Science: Space: Telescope
Moon Telescope   (+5)  [vote for, against]

I actually posted this as an annotation to Moon Tunnel, but I think it deserves it's own idea. Dig a hole right through the moon with a slight conical shape ( the diameter of the far end larger than the near end). Install lenses at both ends of the tunnel. Hey Presto, a massive optical telescope!
-- simonj, Nov 14 2007

Moon_20Tunnel [hippo, Nov 14 2007]

I say do it Dark_20Side_20Of_20Our_20Moon
It's our moon anyway. [theleopard, Nov 14 2007]

I think it probably deserves its own fishbone. Digging holes through the moon isn't easy (well, I've never actually TRIED it, but . . . ). A super-long telescope isn't really a good thing, as it gives more distance for optical errors to show up. A moon telescope couldn't be aimed. Speaking of massive: The gravity of the moon, even though less than Earth's, is going to distort the lenses (although if you are never going to move them, you might have a very slight chance of dealing with that).

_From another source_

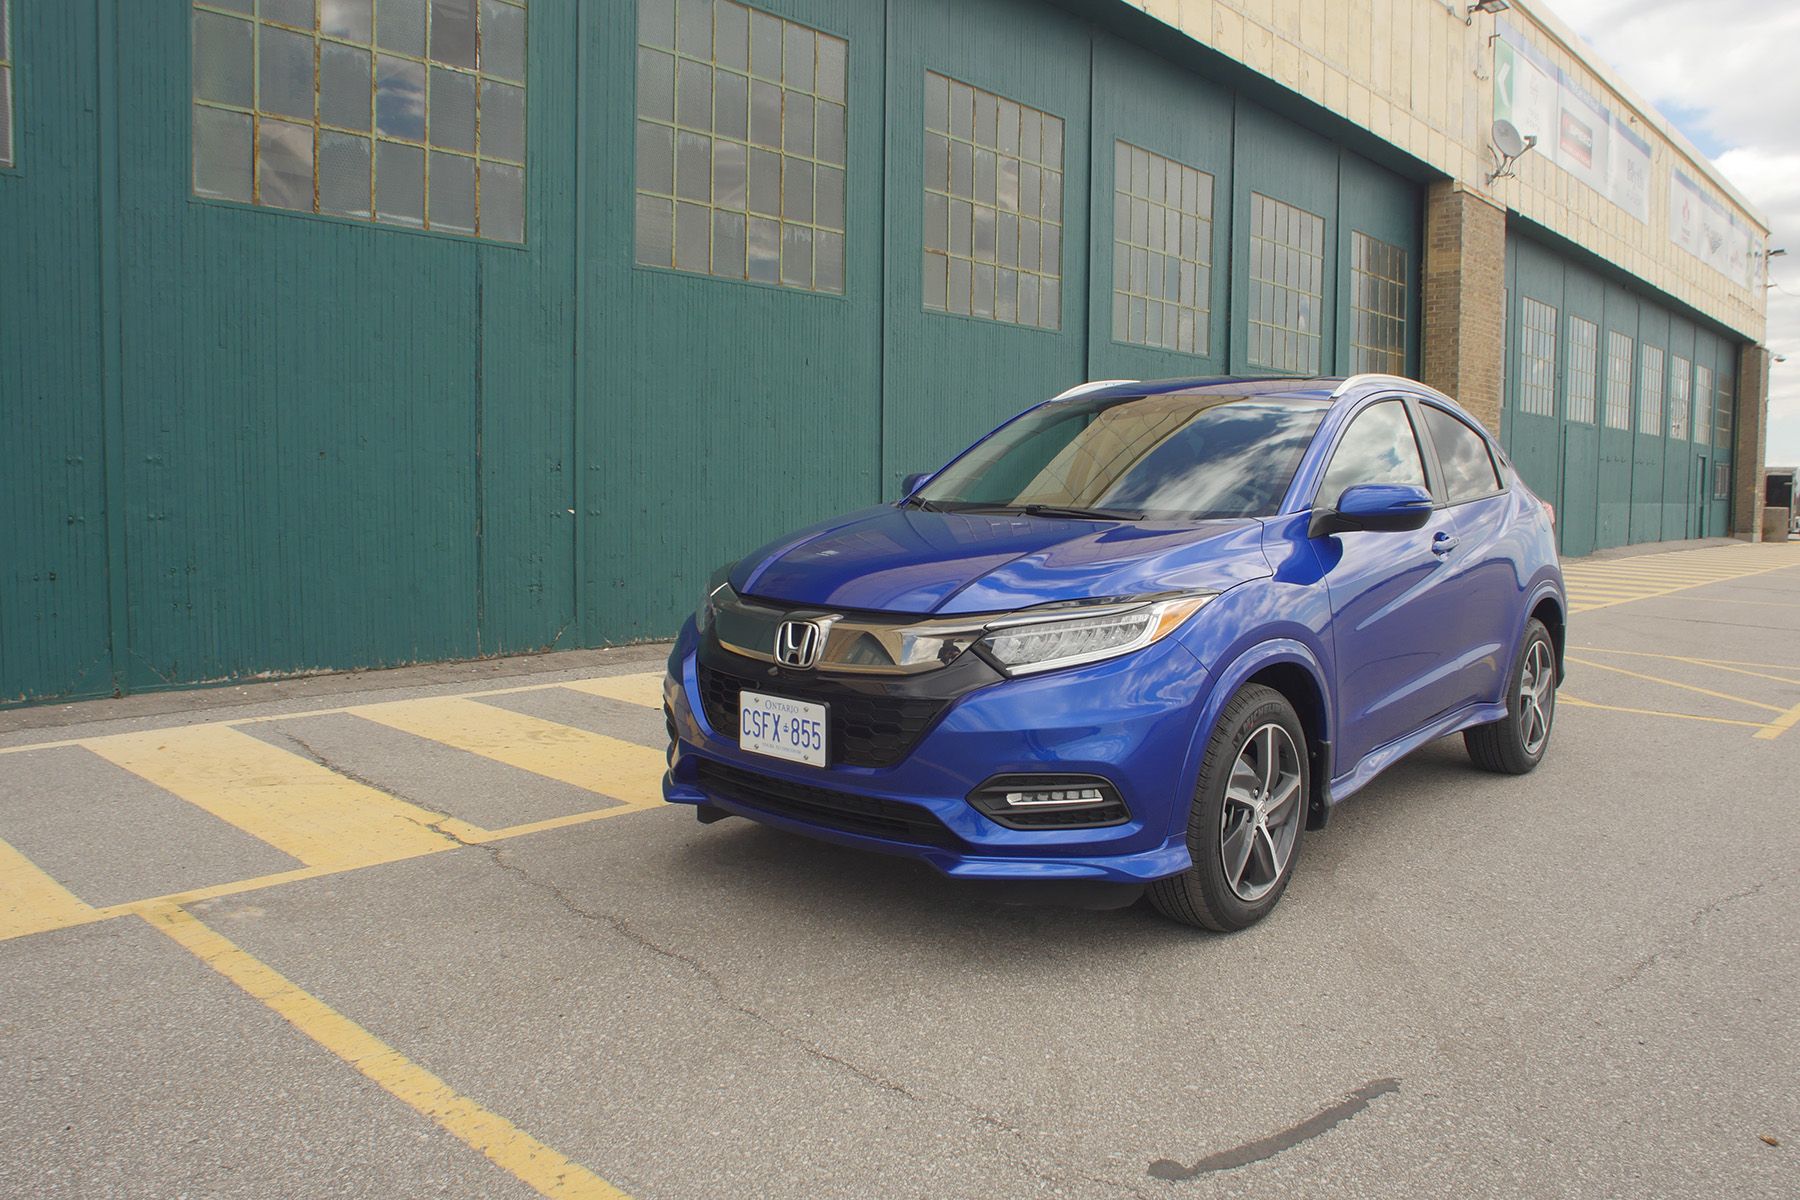 SUV Review: 2021 Honda HR-V | Driving

If you put two lenses out in space, you wouldn't even need a framework between them, if you installed good controls. The lenses could be thin glass shells with dense gas in them . . .. [ ]
-- baconbrain, Nov 14 2007


[baconbrain]How would you keep them aligned without a frame, wouldn't they just drift apart?
-- simonj, Nov 14 2007


This could get pretty unpleasant during a solar eclipse.
-- nick_n_uit, Nov 14 2007


No need to move the moonscope, the Moon moves by itself! No, you couldn't aim it but you would get a lot of targets over the course of a year!
-- simonj, Nov 14 2007


The lenses in [baconbrain]'s telescope could be kept in place with the occasional use of tiny thruster rockets.
-- hippo, Nov 14 2007


//This could get pretty unpleasant during a solar eclipse//
I guess the ants would be laughing.
-- AbsintheWithoutLeave, Nov 14 2007


I thought this was going to be an observatory, built on the airless moon. It's all a bit hot and cold up there, tricky conditions to keep equipment aligned nicely, but it might be worth a try, and space agencies are well used to dealing with rapidly changing extremes of temperature. The windless, low-gravity environment should make construction lighter and simpler than earth bound jobs, accepting all the difficulties of actually getting things to the bloody moon in the first place.
-- theNakedApiarist, Nov 14 2007


Right, getting to the moon is difficult, and about half the difficulty is landing on it. So just keep going out into space and build the telescope where it can float free.

I only refrained from fishboning this idea as I assumed the raw materials for lenses and such would be mined on the moon. Even then, it would be less work to lift them from the moon to space than to lift a hole-ful of rocks up from the depths of the moon to the surface.

//How would you keep them aligned without a frame, wouldn't they just drift apart? // "Good controls", I said. Geezus H! On tiny thruster rockets, as [hippo] understood. It wouldn't be easy, but it would be a lot better than digging a hole through the moon.
-- baconbrain, Nov 14 2007


\\ A moon telescope couldn't be aimed.\\

Actually, it could be, but it would cost a lot of time and resources.
-- apocalyps956, Nov 14 2007


And with the aiming mechanism we could rotate the moon and see the dark side of it. Imagine the armageddon theories that would come out if NASA didn't tell anyone they were doing it and the moon just suddenly changes.